I discovered Brower and Varki’s work through your blog so many thanks.

False Progress
Reply to  Perran
April 23, 2020 5:08 pm

Very well done, if not perfect. The topic needs someone of Moore’s stature to shake up liberals/progressives stuck on “bright green” tech-heavy environmentalism. Get them out of their coffee shops and onto mountaintops removed by things beyond coal, which they automatically cast as the Devil in energy debates.

I assume Moore offers it for free to maintain the anti-commerce theme, but of course he’ll get some revenue. Ozzie Zehner is also heavily featured, deservedly so for his 2012 book.

False Progress
Reply to  Rob Mielcarski
April 24, 2020 7:06 pm

You know burning wood is just a continuum of burning carbon from current to ancient, back to current.

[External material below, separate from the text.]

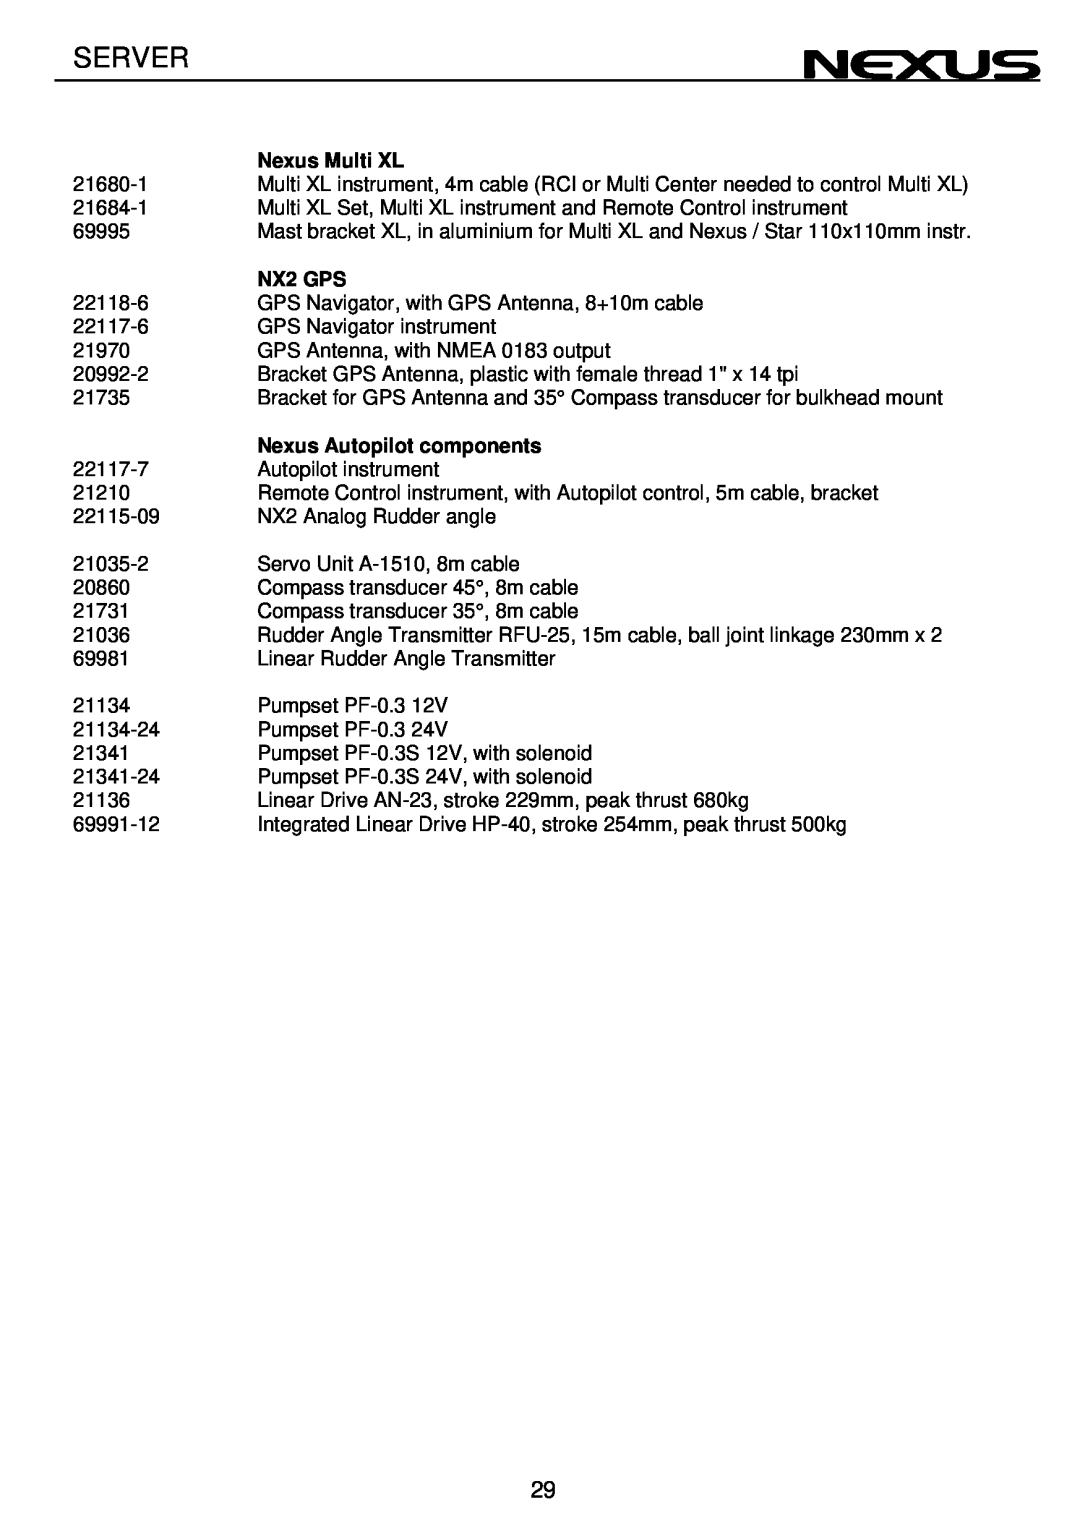 Nexus 21 operation manual Server, Nexus Multi XL, NX2 GPS, Nexus Autopilot components

Calling wood “renewable” minus regrowth context is the same loggers’ propaganda that never explains why old growth is still demanded. Their latest utilitarian spin is that young tree farms are better carbon sinks, so old growth is “bad” for us.

Wood chips are a convenient way to merge “scrap” with primary wood and skew percentages, not just burn it better. Once you’ve got chips moving around the world, their origin gets vague. This was the film’s biggest revelation for me. The ending scene with apes stranded in a lone tree was powerful stuff.

Some footage must have been gathered years ago. Too bad the Lowell Mountain scene wasn’t done in better weather, as it only showed a foggy glimpse of the razing. See https://goo.gl/maps/E9SURtTghjRMbfxq8 and some eco-denial on that project: http://www.greenmountaindaily.com/2012/10/14/on-wind-power-and-destroying-vermont/ (“Simpleton” comment well done!)

False Progress
Reply to  Rob Mielcarski
April 25, 2020 12:34 am

That’s interesting context. You probably know the story of the Golden Spruce and conscientious logger Grant Hadwin. If he’d been a milder sort he could have started a eco-blog in 1997 (same year “weblog” was coined) but how many people would it have reached?